Two and a half hours and a mighty dose of anaesthetic later, I no
longer whistled my speech or looked like an extra for a hobo movie.
But I am on a strict diet of liquids only until tomorrow morning. By
which time I'm hoping my still-now-four-and-a-half-hours-later frozen
mouth will have defrosted.

And so there was a certain amount if déjà vu with all todays yo-yoing
backwards and forwards between Bristol and Bath.

If I ever suggest you join me on a rugby tour........

Sent from my iPhone

Thursday, January 21, 2010

Take-over bid

The Irish are about to make a hostile bid on the West Country. 700 travelling and 300 ex-pat Ulstermen will descend on the historic city of Bath this weekend with only one thing on their minds - standing up.

They will start spilling out of planes in Bristol from lunchtime tomorrow, and start spilling into hostelries soon after! Music has been arranged and song sheets provided, and if we can't beat the locals on the pitch, we'll sure as hell out sing them!

Sunday, January 17, 2010

Chemical Ali

So, it has been reported that he has been sentenced to death, again. Fourth time apparently.

I vaguely remember blogging this before and explaining the loose connection between himself and myself. I'm sure 'linked-within' will pick that up, read below!

But to get back to the point in hand, how many death sentences are they going to pass down before they actually kill the man??

Saturday, January 16, 2010

BTW

... did I mention I became an auntie again this week? Twice?

If you've been following the 365 project (I'm still going strong!) you will have noted this news and also spotted my lovely new niece and my only nephew!

And now the big wind

Finally, Northern Ireland seems to have thawed out, defrosted and (slightly) warmed up. It was a balmy 7oC last night as we left for the rugby.

However, the big freeze has been replaced by the big wind.

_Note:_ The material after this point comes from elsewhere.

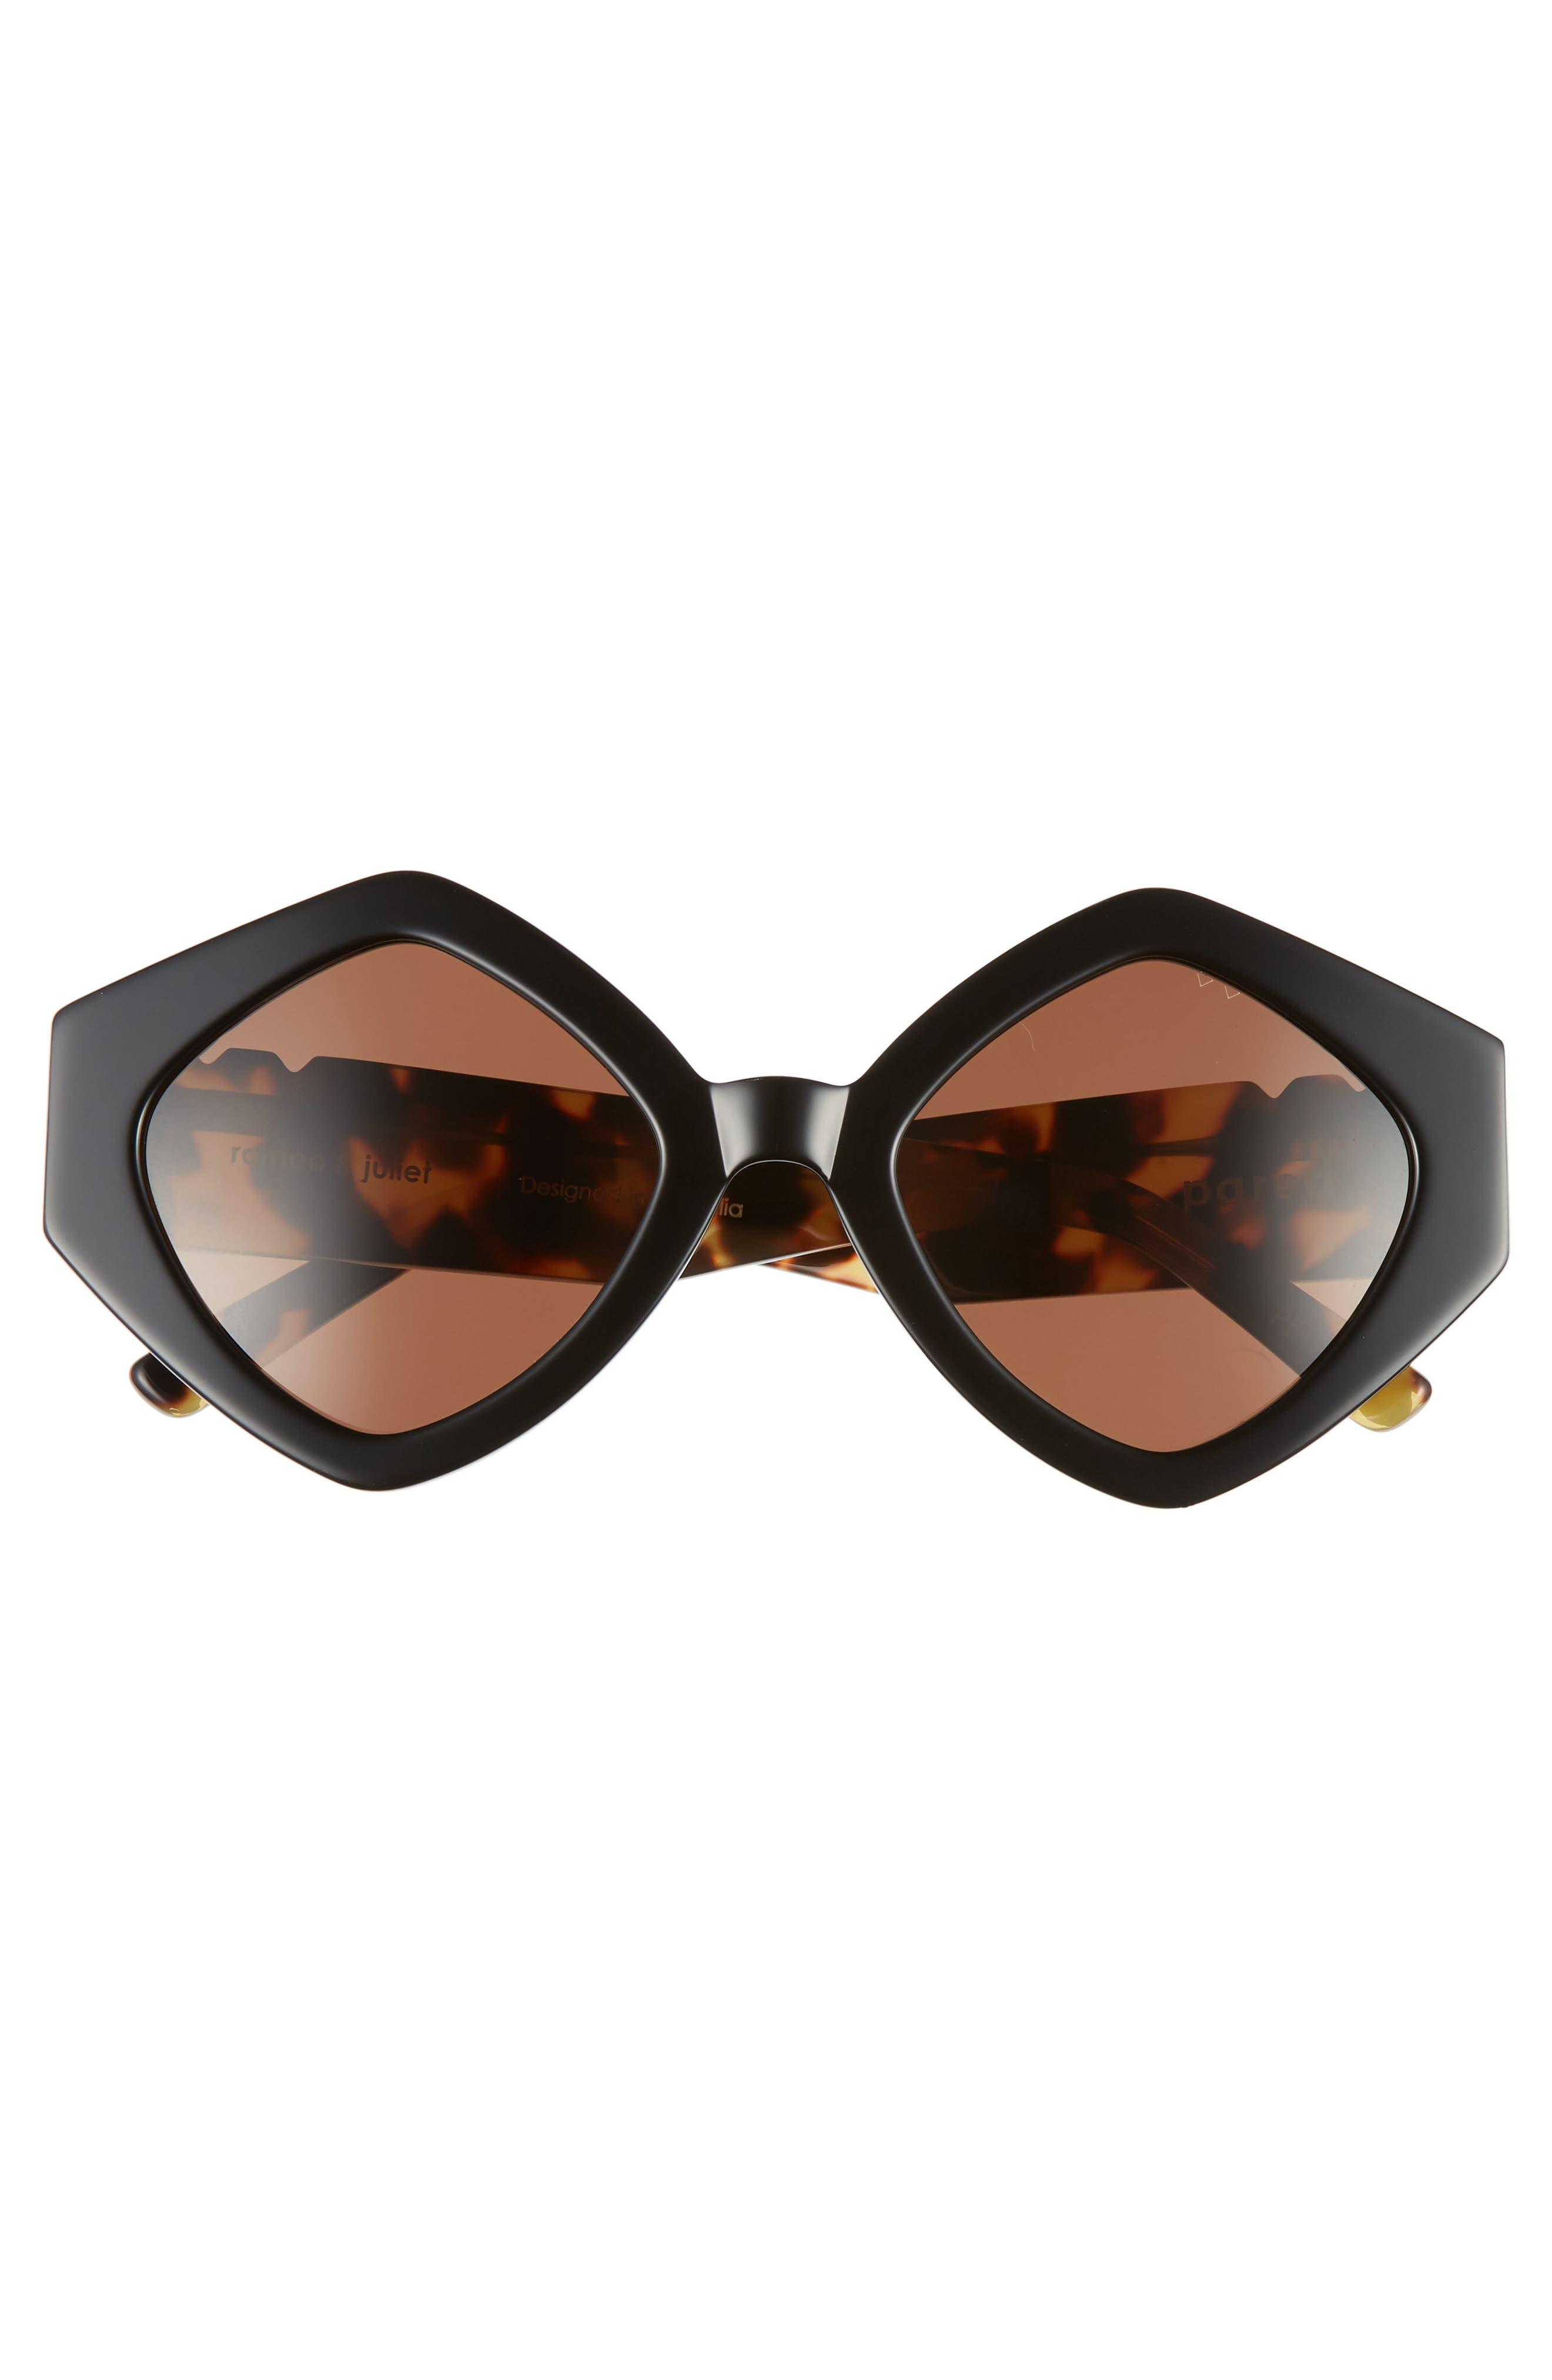 Romeo & Juliet 52mm Sunglasses,                             Alternate thumbnail 3, color,                             BLACK SOLID BROWN LENSES

The Dolly was literally blown off her feet at Ravenhill last night, saved only by being anchored down by myself and her big cousin.

And whilst sleep was evasive last night due to rattling doors and wind lashing the windows, this morning we woke to see a tree down in the back garden. Well, let's look at the bright side, at least if we run out of oil, we can burn a fire now!

Friday, January 08, 2010

Oi'll be damned

Those of you following my essays on 'The Big Freeze of 2010' will remember in an earlier post I mentioned the fact that we had had a delivery of oil on Christmas Day and had used so much were expecting, imminently, another delivery.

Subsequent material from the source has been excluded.